Information supplied: Begin
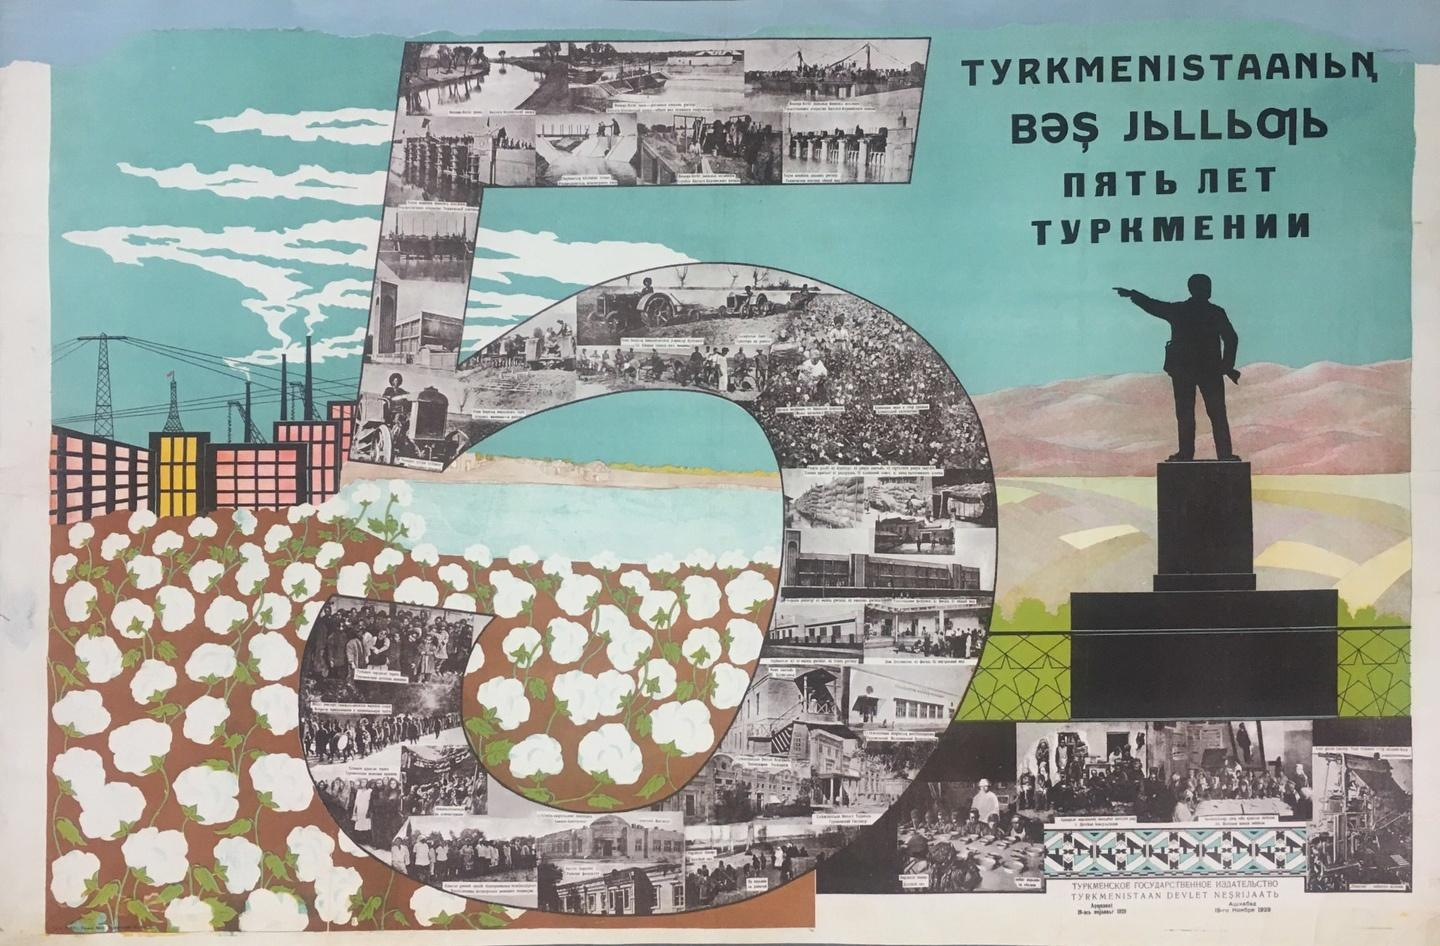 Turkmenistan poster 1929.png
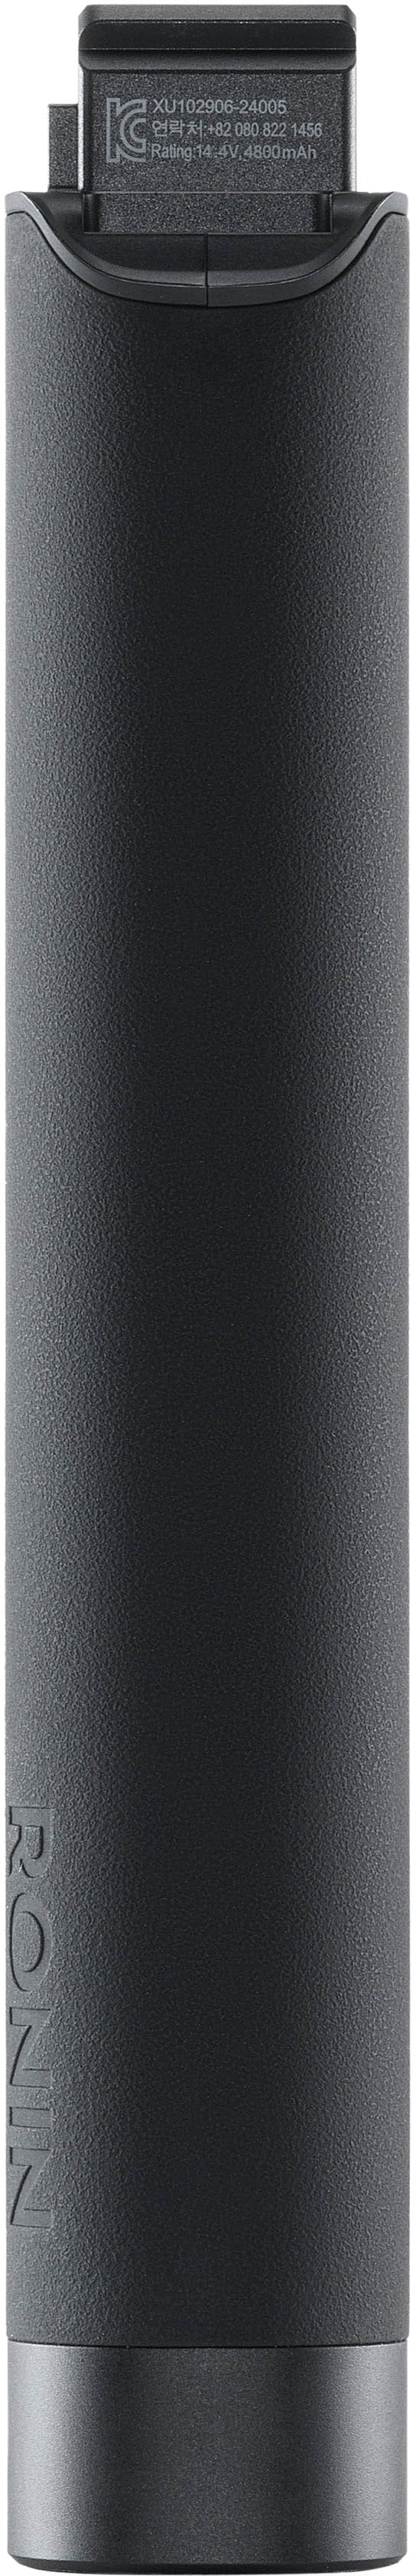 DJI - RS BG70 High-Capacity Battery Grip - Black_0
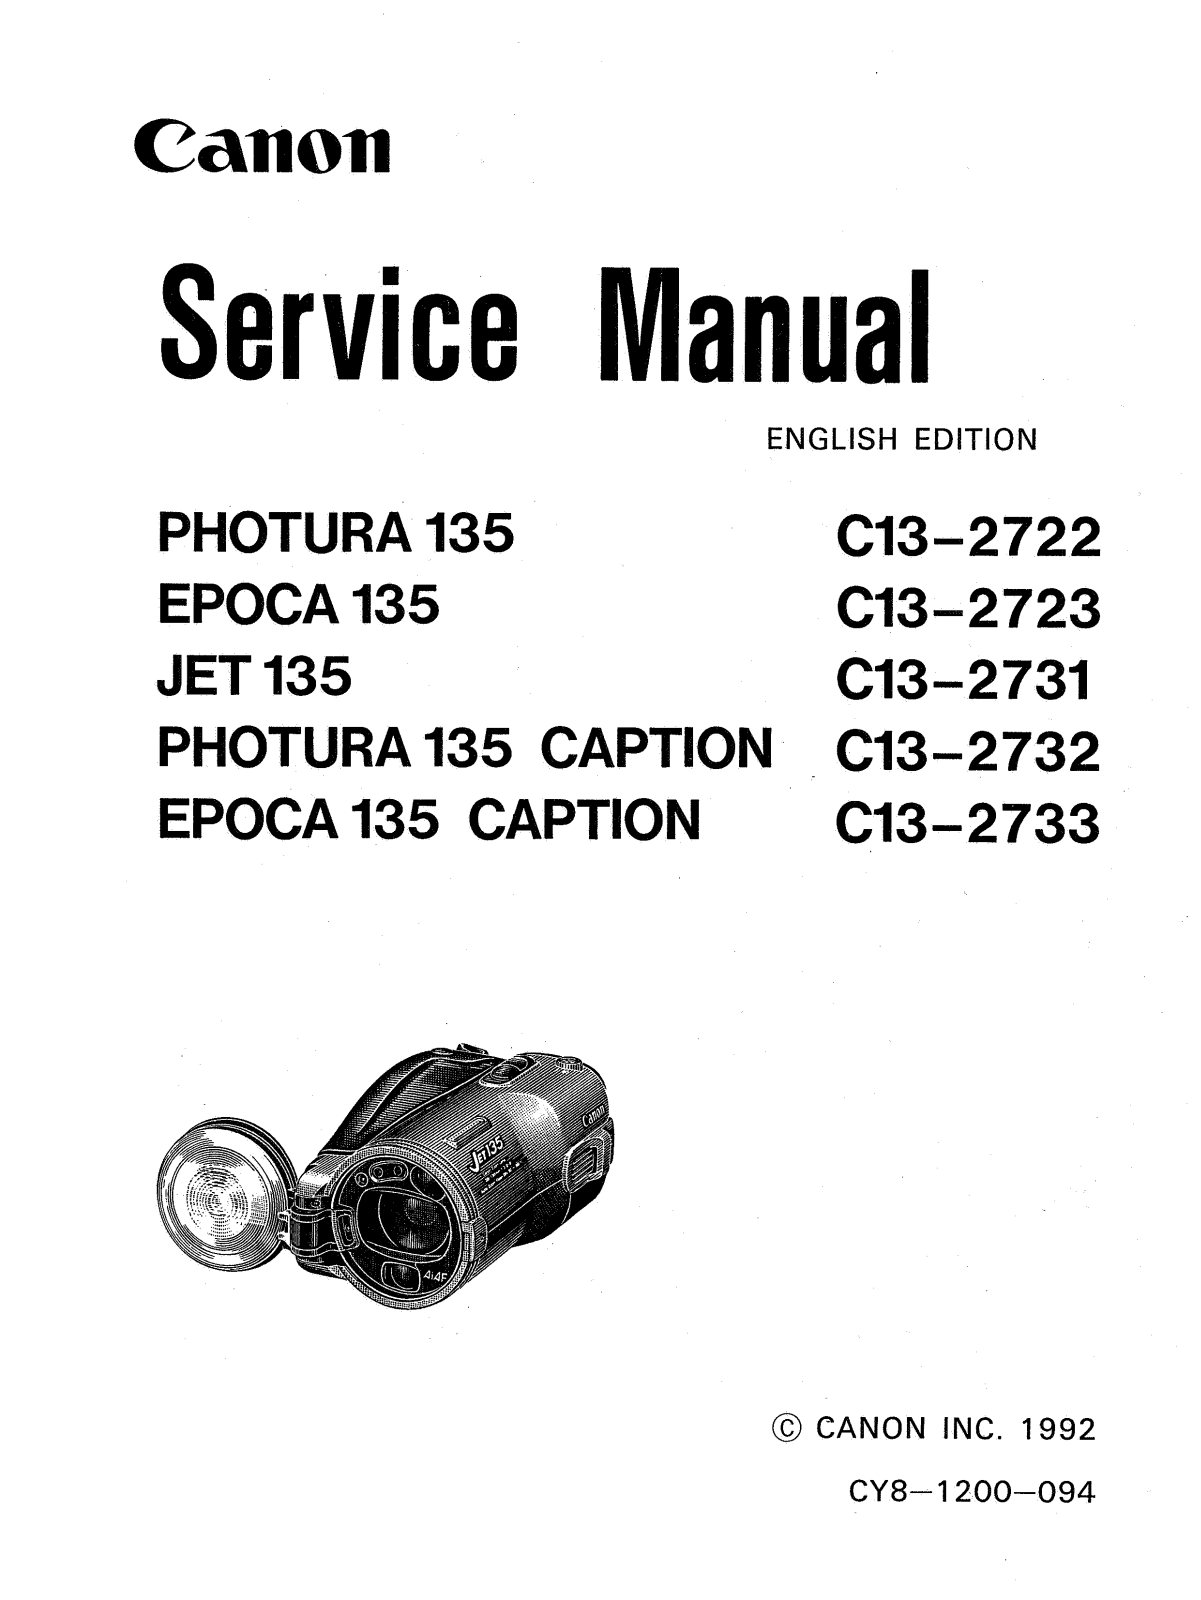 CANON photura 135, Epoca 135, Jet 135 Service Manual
Information supplied: End
Task directions » The listing above must be given again exactly, minus its pictures.

Result for this task »
 Turkmenistan poster 1929.png
 DJI - RS BG70 High-Capacity Battery Grip - Black_0
 CANON photura 135, Epoca 135, Jet 135 Service Manual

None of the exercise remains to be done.